I wish I could say that every time I picked up my phone I was motivated to really go after my dreams. Ha! That would make a great story. However, what happened was, after a while, I forgot it was even there. I saw it but didn’t see it. It wasn’t until last year, three months after I resigned from my job, that I realized it was there. Here’s what I shared on July 2, 2021 (yep.. a Facebook memory):
This has been my screensaver for about two years. I scroll pass it everyday but never really notice it. You know, it’s just there. Well, this morning the words caught my eye- “Dream it. Do it.” Can’t help but smile. I’m finally doing it.☺️ God is so good. Humbled. Grateful. Blessed.Shaun’s Facebook Memory. July 2, 2021
Yesterday when I came across the memory, I smiled again. This time with tears in my eyes. Never did I imagine my dreams would take me this far. And I know it’s no where near where I am destined to go. There’s so much more to come. I feel it!
Last year, I was happy that I had finally taken the leap to venture out on my own. This year I’m proud of myself for everything I have accomplished since:
- Re-established my business and brand. Now LaShaundreaB, LLC.
- Began blogging daily (today makes 414 days of continuous blogging.. Woohoo).
- Created RDN Saturdays to spotlight Mississippi Registered Dietitian Nutritionists (relaunching it this fall).
- Created Shaun’s Daily Inspiration for my inspirational quotes.
- Began drawing and created my art collection Shaun’s Smile, which serves as a backdrop for Shaun’s Daily Inspiration.
- Won Mississippi Public Health Association’s Vonda A. Webb Nutritionist of the Year award for 2022.
- Created a few videos on TikTok and Instagram.
- Finished my first real contract job doing trainings via Zoom. Before, the contracts were only side jobs.
- Currently preparing to launch my newest venture/adventure, Nutrition with LaShaundreaB, this fall. It’s a Culinary~Nutrition experience!

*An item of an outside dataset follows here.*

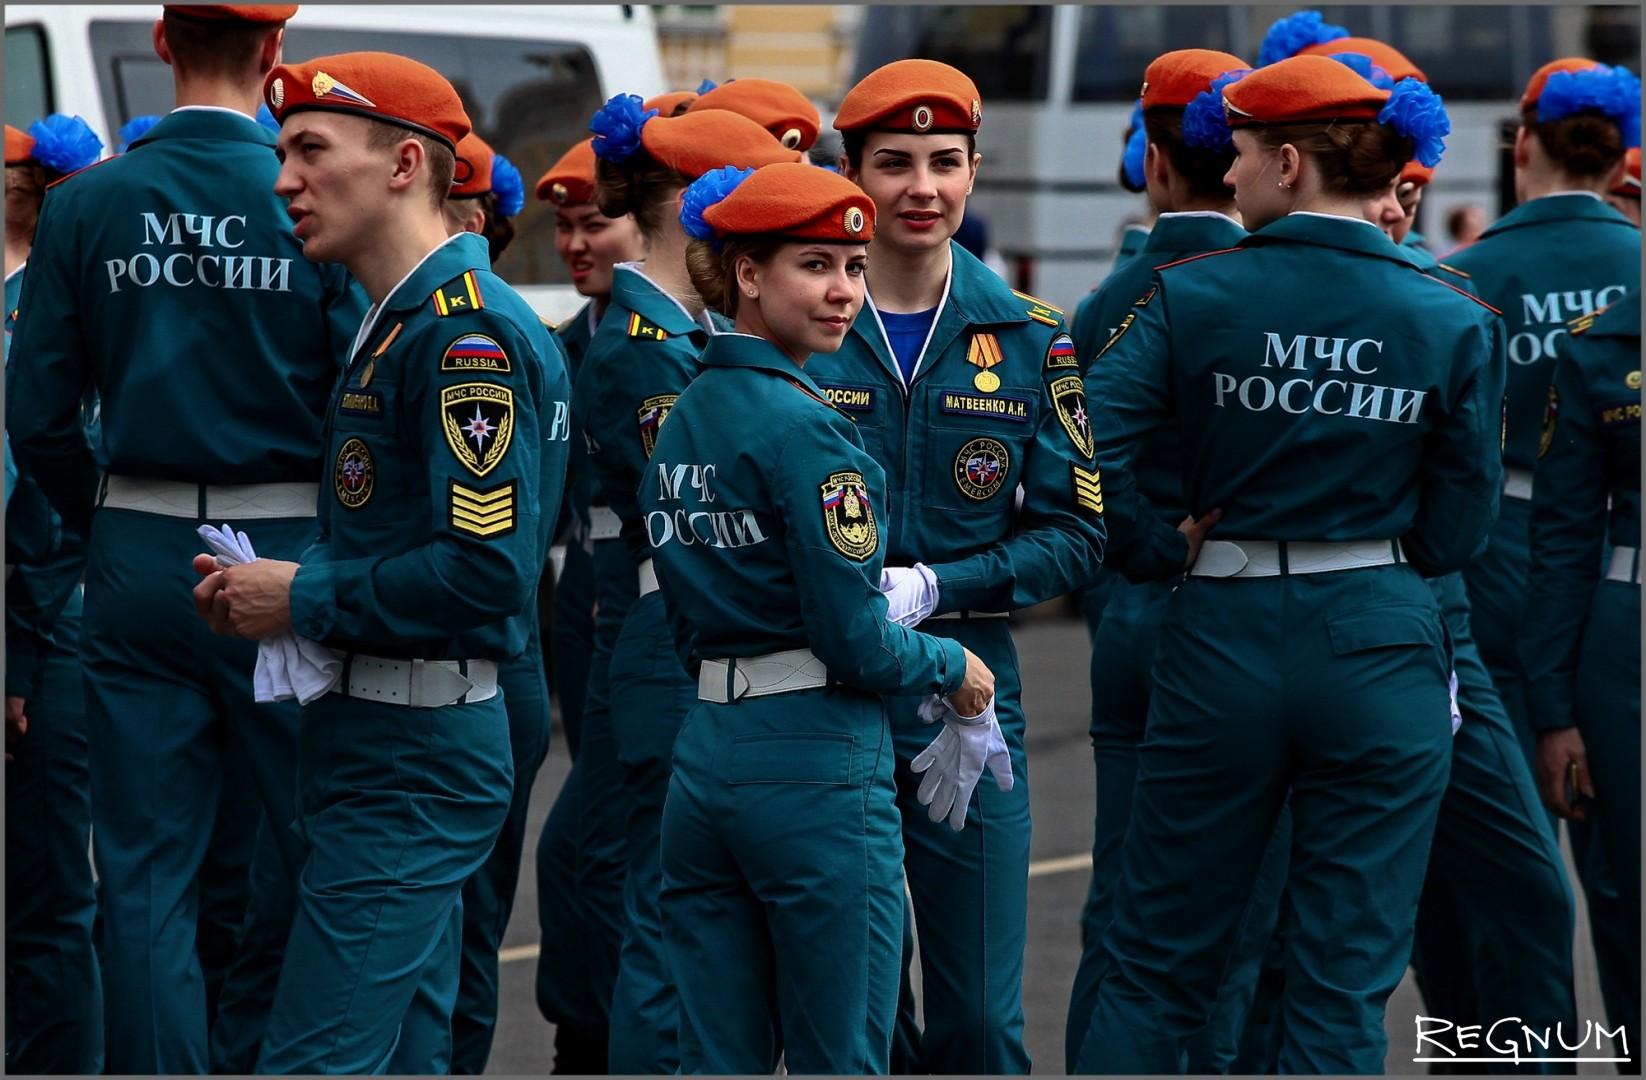 Мчс россии форма картинки

Now those were a few of my professional achievements. Here’s what I have accomplished personally and spiritually:
- Established a better, stronger and more stable relationship with God.

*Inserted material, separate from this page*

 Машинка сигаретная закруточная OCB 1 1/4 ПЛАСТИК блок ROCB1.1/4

- Began trusting God to lead.
- Learned how to relax and enjoy life by being present.
- Found self love. Yes, I’ve learned to accept and love myself just as I am.

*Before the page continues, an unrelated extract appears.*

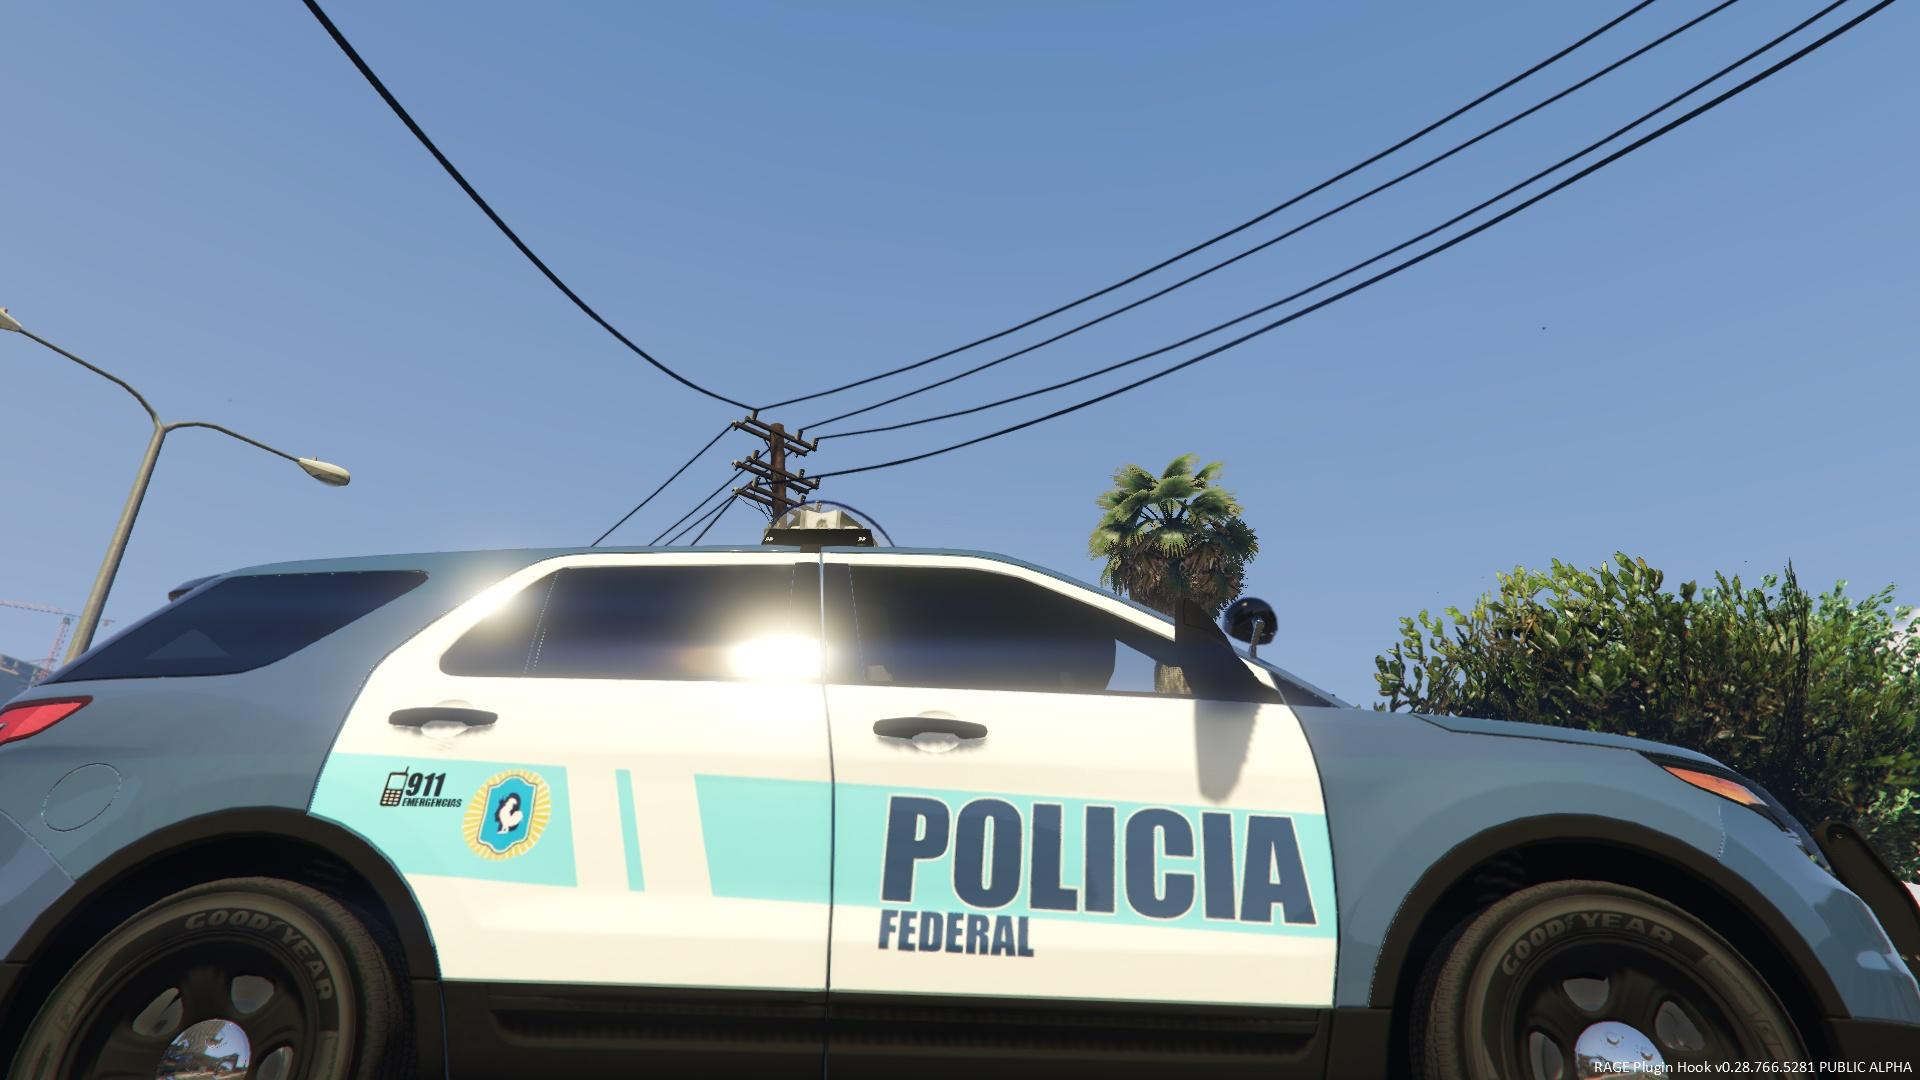 A operação que resultou na prisão do brasileiro foi iniciada em junho de 2016, de acordo com o Ministério da Segurança. Durante as investigações, foram encontradas conexões nos Estados Unidos.

- Became comfortable with being my authentic self.
- Discovered that some relationships are not meant to be lifelong. Temporary relationships are just as impactful and meaningful as long term relationships.
- Learned to let go of things that no longer served me, which opened spaces for new ideas and opportunities.
- Most importantly, I got to spend more quality time with my children. The best gift ever!
Of course there’s so much more that has taken place over the last year. So many things I attempted that where not the right fit for me. Good thing is, they were not a waste of time but learning experiences that I have been able to glean from. So they served, and continue to serve, their purpose.
To circle back to the quote on the water bottle– “Dream it. Do it.” Honestly, the life that I’m living now has far exceeded anything I have ever dreamed. I’m not sure what’s next, but I’m not going to waste time trying to figure it out. I’m just going to sit back and trust God to continue to lead. I’m blessed.
Well, that’s all I have for you this Sunday. Thank you for reading and please enjoy your week!